## ASSIGNED TASK
Transcribe only the part of the material below that begins at the line containing "Band Camp Flyer" and ends at the line containing "Apple Drops Apple", with both kept and images left out.

## EXCERPTED RECORDS

====

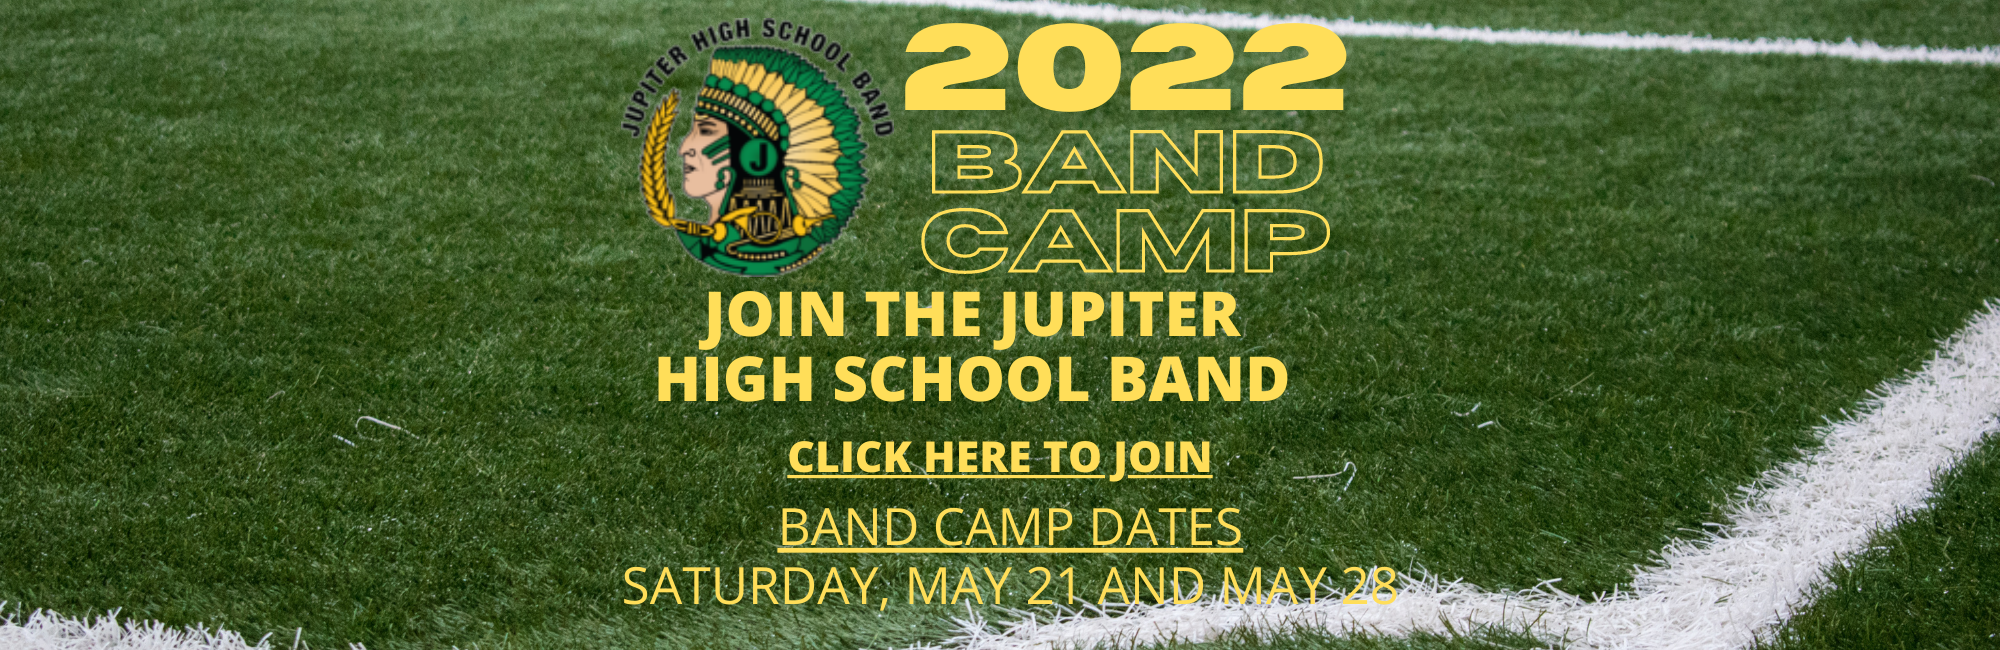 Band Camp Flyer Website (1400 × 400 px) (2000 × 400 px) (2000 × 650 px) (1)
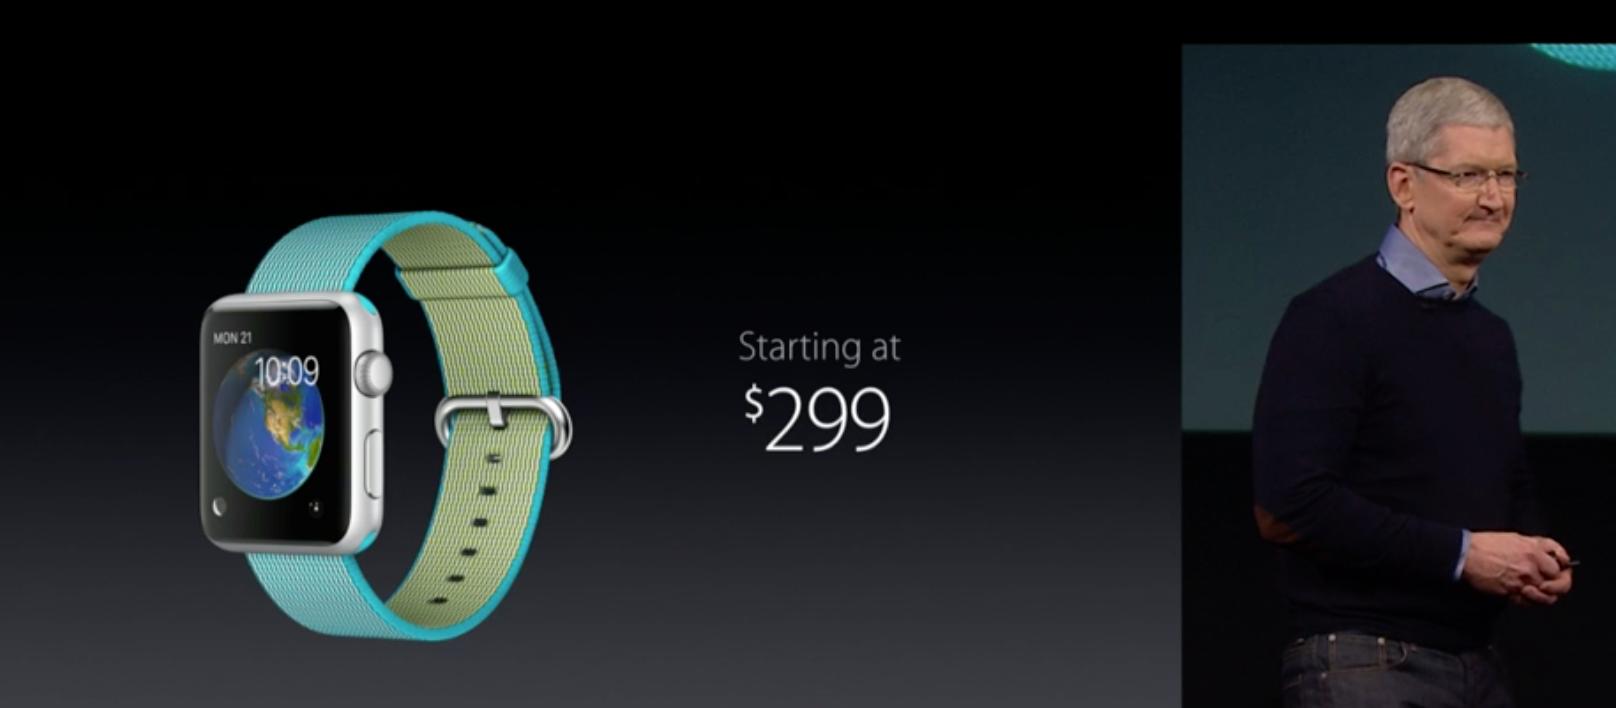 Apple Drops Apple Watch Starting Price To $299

====

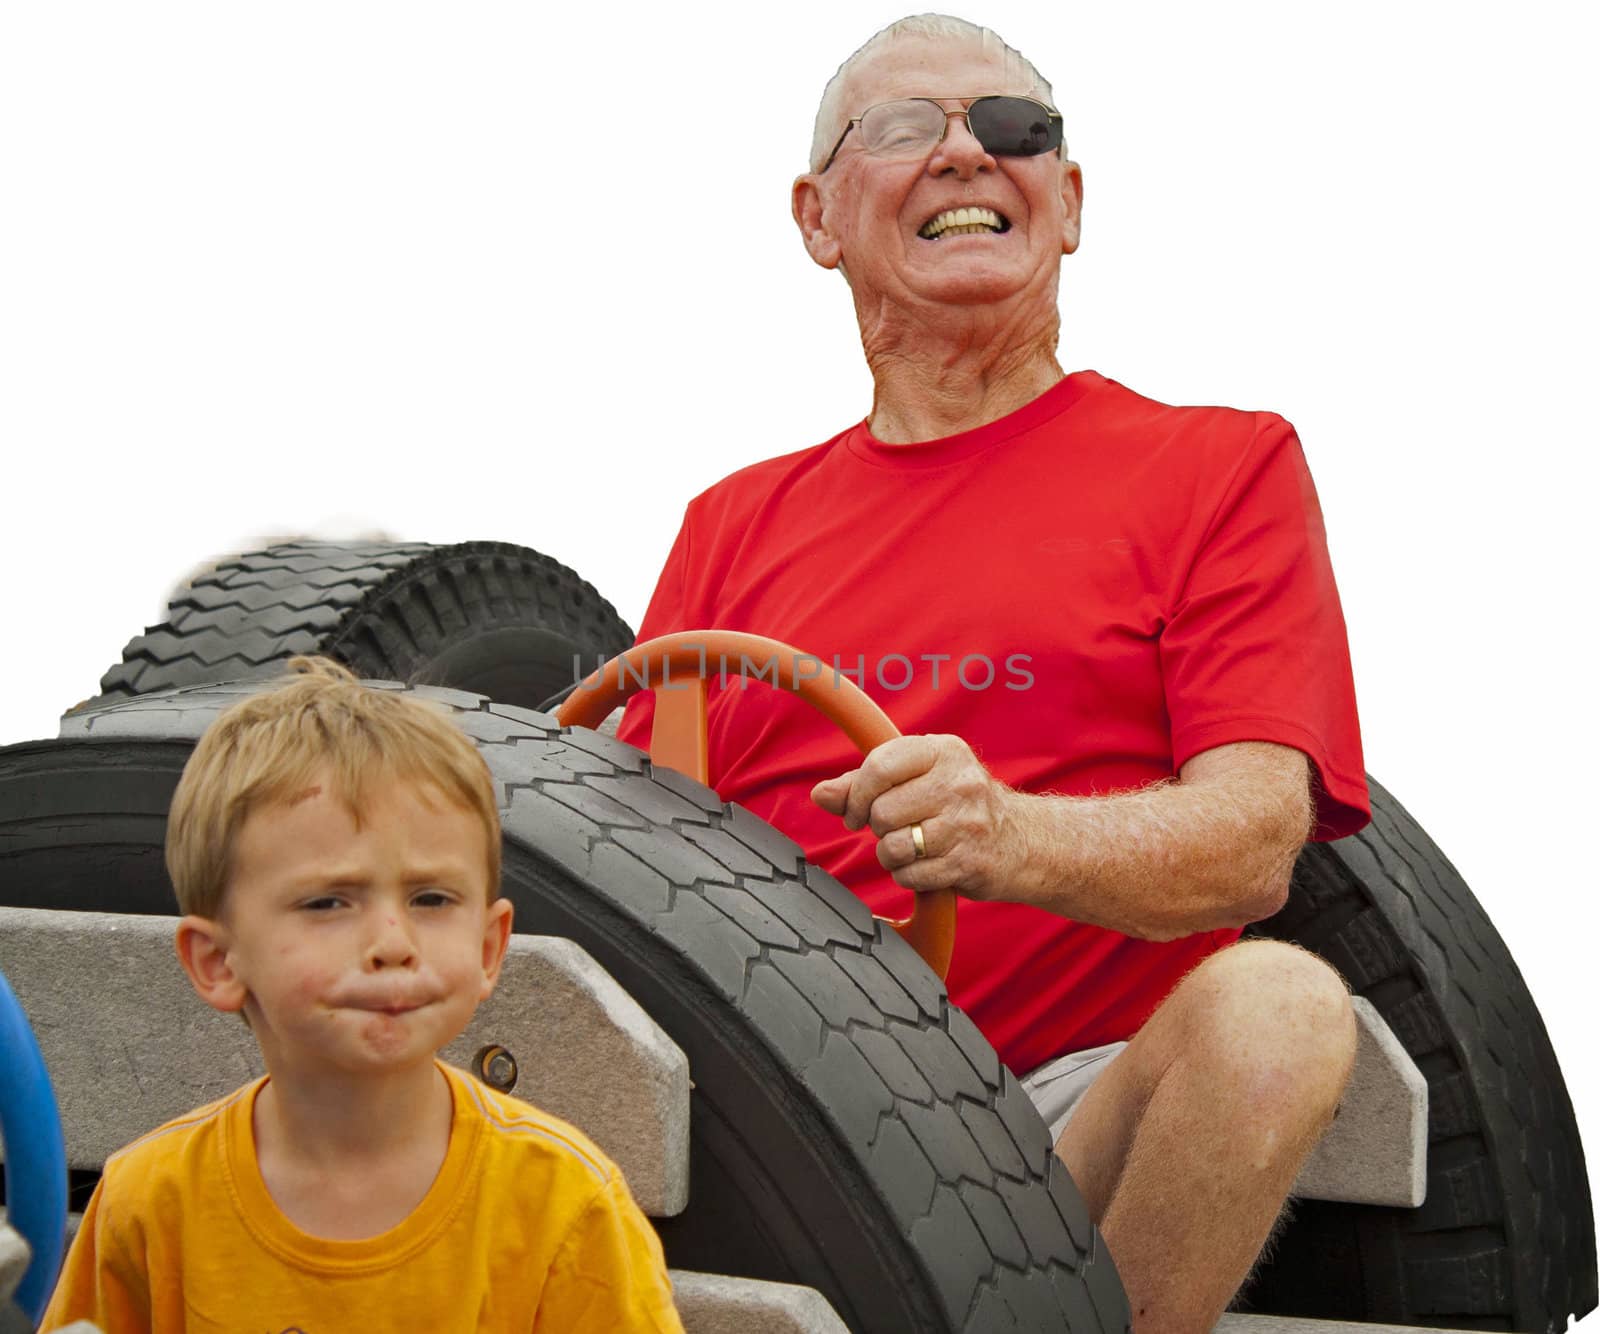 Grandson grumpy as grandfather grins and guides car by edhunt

====

## RESULT OF THE EXERCISE
 Band Camp Flyer Website (1400 × 400 px) (2000 × 400 px) (2000 × 650 px) (1)
 Apple Drops Apple Watch Starting Price To $299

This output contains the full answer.